WITH pre_esrd(state,CCN,Provider_Name,Measure_Score,`Received pre-ESRD care for 12+ months`)
AS (SELECT state,
       CCN,
       Provider_Name,
       Measure_Score,
       (CASE WHEN Measure_Score > 60 THEN "Yes" ELSE "No" END) AS `Received pre-ESRD care for 12+ months`
FROM `medicare_dialysis_facilities`
WHERE Measure_ID IN("nephy12my4_f") 
AND state NOT IN('AS','FM','GU','MH','MP','PR','PW','VI')),

srr(state,CCN,Provider_Name,SRR)
AS (SELECT state,
       CCN,
       Provider_Name,
       Measure_Score
FROM `medicare_dialysis_facilities`
WHERE Measure_ID IN("srry4_f") 
AND state NOT IN('AS','FM','GU','MH','MP','PR','PW','VI'))

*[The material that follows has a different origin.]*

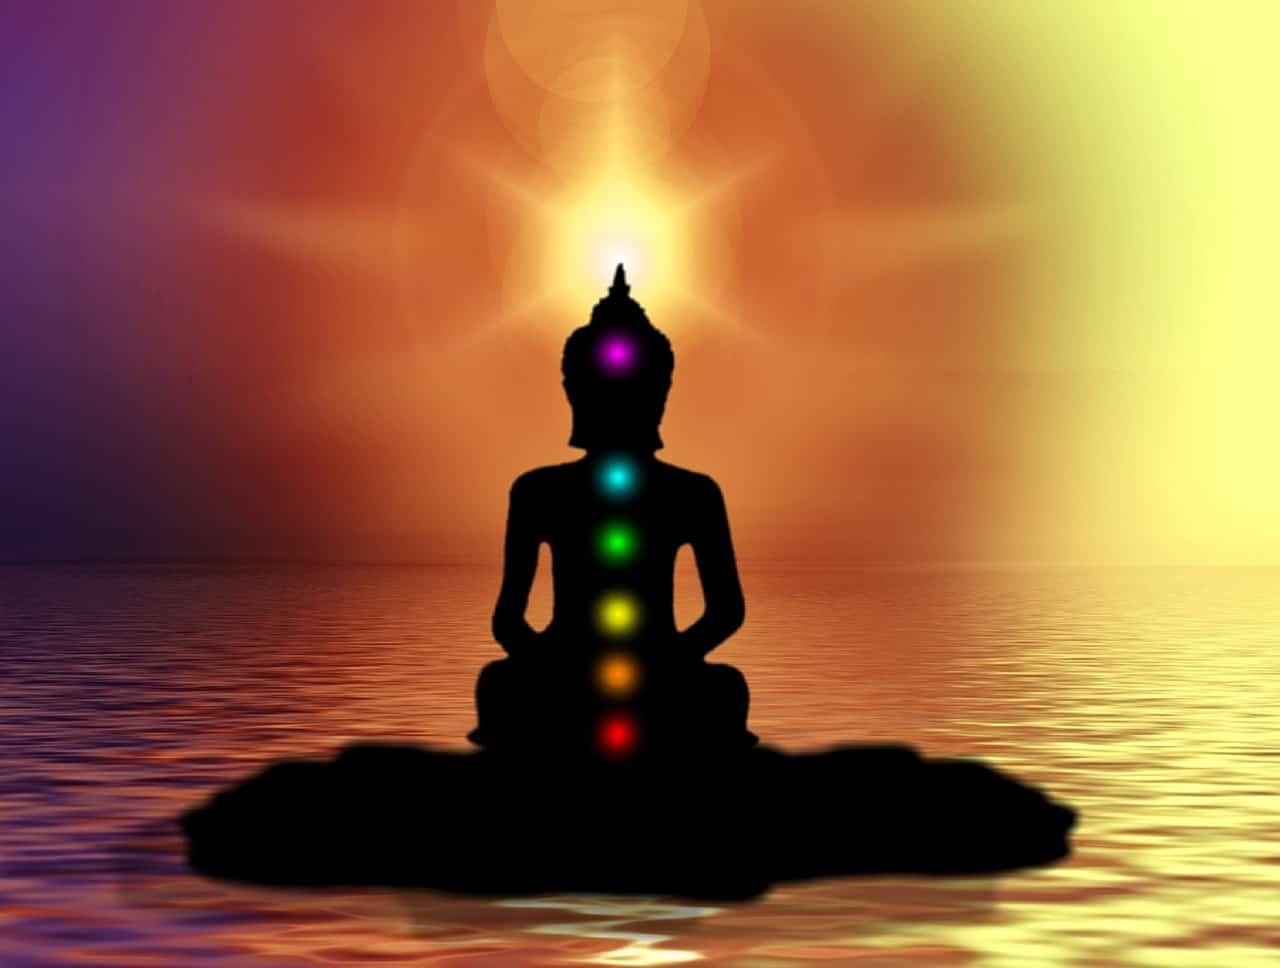 aura 1063278 1280 que son los chakras y como activarlos i236763

SELECT a.`Received pre-ESRD care for 12+ months` AS `60+% of patients received pre-ESRD care`,
       a.state AS `State`,
       AVG(b.SRR) AS `Average Standardized Readmission Ratio`
FROM pre_esrd AS a
  FULL JOIN srr AS b
    ON a.CCN = b.CCN
WHERE a.`Received pre-ESRD care for 12+ months` IS NOT NULL
GROUP BY a.state,a.`Received pre-ESRD care for 12+ months`
ORDER BY state,`60+% of patients received pre-ESRD care`
LIMIT 5;

60+% of patients received pre-ESRD care,State,Average Standardized Readmission Ratio
No,AK,0.8175
No,AL,1.0221052631578948
Yes,AL,0.86
No,AR,0.9012903225806452
Yes,AR,1.09


As the chart above demonstrates, for 2020, on average, facilities for which 60% or more of patients received pre-ESRD nephrologist care for more than 12 months, had lower standardized readmission rates in states such as New Mexico. This is expected, as greater availability of specialized care prior and during the process of dialysis is expected to result in patients being better prepared to manage their condition and not have to be readmitted to a hospital or dialysis facility due to a dialysis procedure. However, in other states such as Mississippi, the SRR is significantly higher for patients who received more than 12 months of pre-ESRD care. Therefore, state health agencies can learn about their best practices and programs in states such as New Mexico, which have on average, lower readmission rates, compared to other states, particularly from facilities whose patients received 12 or more months of pre-ESRD nephrologist care.

The `Overview` notebook from Databricks was used as a reference in the initial steps of this analysis, particularly in the data ingestion commands and the creation of a temporary view for querying the dataset.